PROCESSING → COMPLETE
↓ ↑
↓ PARTIAL_COMPLETE (≥1 agent responded within timeout)
↓
ERROR
| Status | Terminal | Meaning |
|---|---|---|
PROCESSING |
No | Upload received; AI assessment in progress |
COMPLETE |
Yes | All agents responded; resultMd populated |
PARTIAL_COMPLETE |
Yes | Timeout reached with partial results; resultMd + errorMessage (lists non-responding agents) populated |
ERROR |
Yes | Unrecoverable failure or zero agent responses; errorMessage populated |
graph TD
Client[Frontend Client] -->|POST /documents/upload| Auth[Auth Layer / JWT Validation]
Auth --> CB[CoreBackend :8086]
CB -->|1. Insert metadata status=PROCESSING| DB[(PostgreSQL RDS)]
CB -->|2. Upload binary async| S3[AWS S3]
CB -->|3. POST /orchestrate fire-and-forget| ORC[Orchestrator :8001]
ORC -->|Download file| S3
ORC -->|Publish TaskMessage| TaskQueue[SQS: aia-tasks]
ORC -->|UPDATE status=PROCESSING| DB
TaskQueue -->|Consume| AgentService[Agent Service]
AgentService -->|Publish StatusMessage| StatusQueue[SQS: aia-status]
StatusQueue -->|Poll| ORC
ORC -->|UPDATE status=COMPLETE / PARTIAL_COMPLETE / ERROR + resultMd| DB
Client -->|GET /documents/status| CB
CB -->|Read PROCESSING rows| DB
Once CoreBackend accepts the upload it inserts a DB record, uploads the file to S3, then fires POST /orchestrate to the Orchestrator (same ECS task, localhost:8001). The Orchestrator extracts the document text, publishes a TaskMessage to aia-tasks, and waits for results on aia-status with a configurable timeout (default 8 minutes). On completion it writes resultMd and the terminal status to the database. The frontend polls GET /documents/status until the document ID disappears from the list, then fetches the full result.
app/
├── api/
│ ├── main.py # FastAPI app, router registration, lifespan
│ ├── documents.py # /documents/* endpoints
│ ├── users.py # /users/me endpoint
│ └── health.py # /health endpoint
├── core/
│ ├── config.py # Pydantic settings (env vars → typed config) + TEMPLATE_AGENTS mapping
│ ├── dependencies.py # FastAPI DI providers
│ ├── enums.py # DocumentStatus (PROCESSING, COMPLETE, PARTIAL_COMPLETE, ERROR)

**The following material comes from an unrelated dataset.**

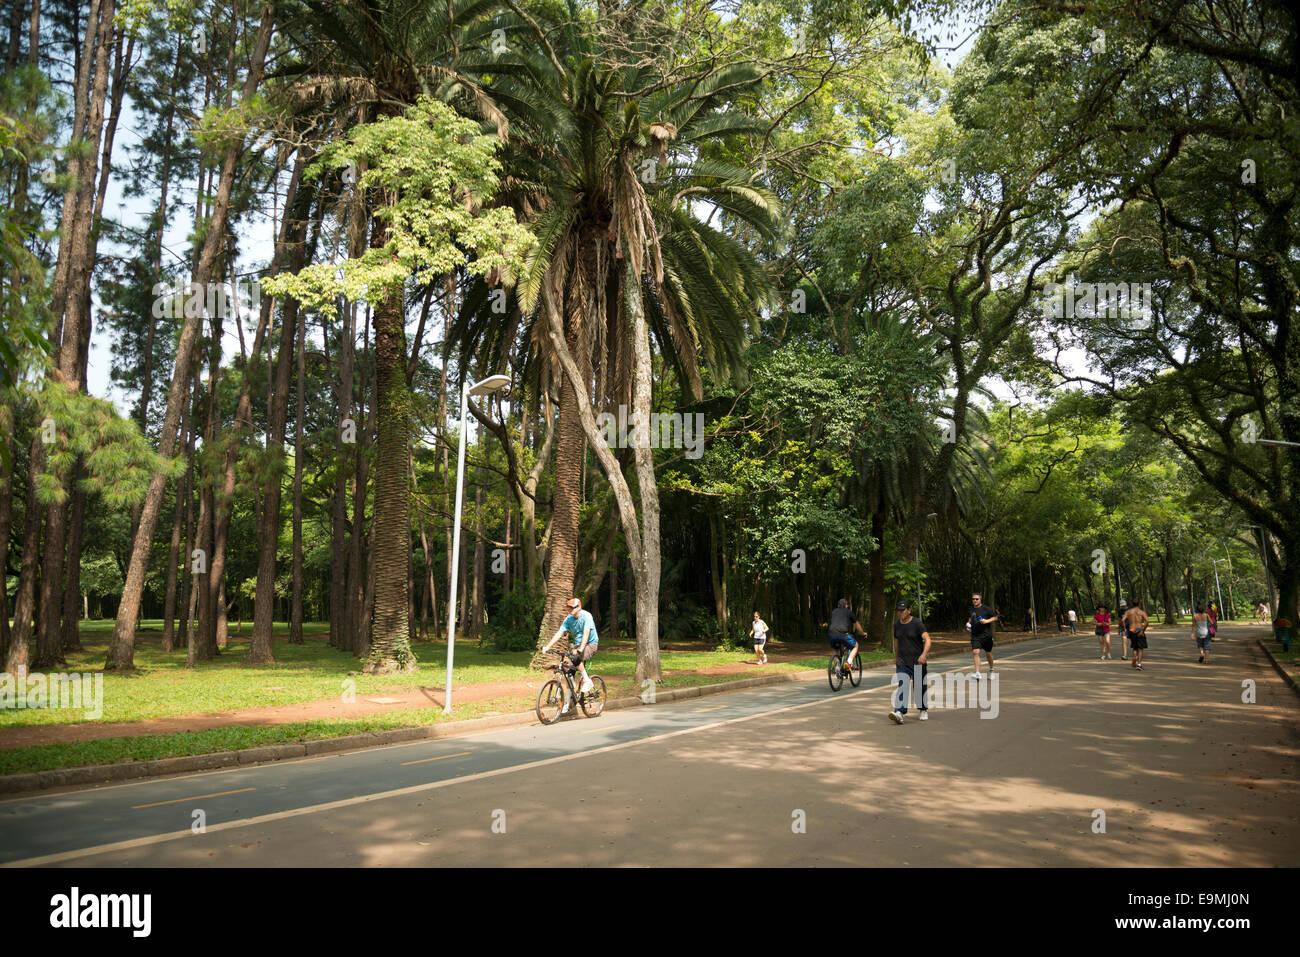 El Parque do Ibirapuera, en Sao Paulo, Brasil. Imagen De Stock

│ └── messages.py # User-facing error strings
├── models/
│ ├── upload_request.py
│ ├── upload_response.py # { documentId, status }
│ ├── history_record.py # { documentId, originalFilename, templateType, status, ... }
│ ├── result_record.py # { ..., resultMd, errorMessage }
│ ├── user_record.py # { userId, email, name }
│ ├── task_message.py # SQS message published to aia-tasks (s3_bucket/s3_key optional — None for inline)
│ ├── status_message.py # SQS message received from aia-status
│ ├── orchestrate_request.py# Payload for POST /orchestrate
│ └── document_record.py
├── repositories/
│ ├── document_repository.py # document_uploads table queries
│ └── user_repository.py # users table queries + guest fallback
├── services/
│ ├── upload_service.py # Upload, status, history, result
│ ├── orchestrator_service.py # Fire-and-forget HTTP client → Orchestrator
│ ├── ingestor_service.py # DOCX text extraction
│ ├── s3_service.py # S3 upload/download
│ └── sqs_service.py # send_task, receive_messages, delete_message
├── orchestrator/
│ ├── main.py # FastAPI service :8001 — POST /orchestrate + status queue poller
│ ├── session.py # In-memory per-document agent dispatch state
│ └── summary.py # SummaryGenerator protocol + MarkdownReportGenerator
├── agent_service/
│ ├── __init__.py
│ ├── main.py # FastAPI app :8002 — lifespan starts SQS polling loop + /health
│ └── worker.py # run_worker() concurrent polling loop — asyncio.create_task per message, Semaphore-bounded
└── utils/
├── postgres.py # Connection pool, schema init (document_uploads + users tables)
├── auth.py # JWT validation (HS256)
├── app_context.py
└── logger.py
scripts/
├── start-aia.sh # Connectivity checks + start all three services
├── start-datapipeline-dev.sh # Start Podman PostgreSQL container
├── mock_agent.py # Test harness — simulates Agent Service (right side)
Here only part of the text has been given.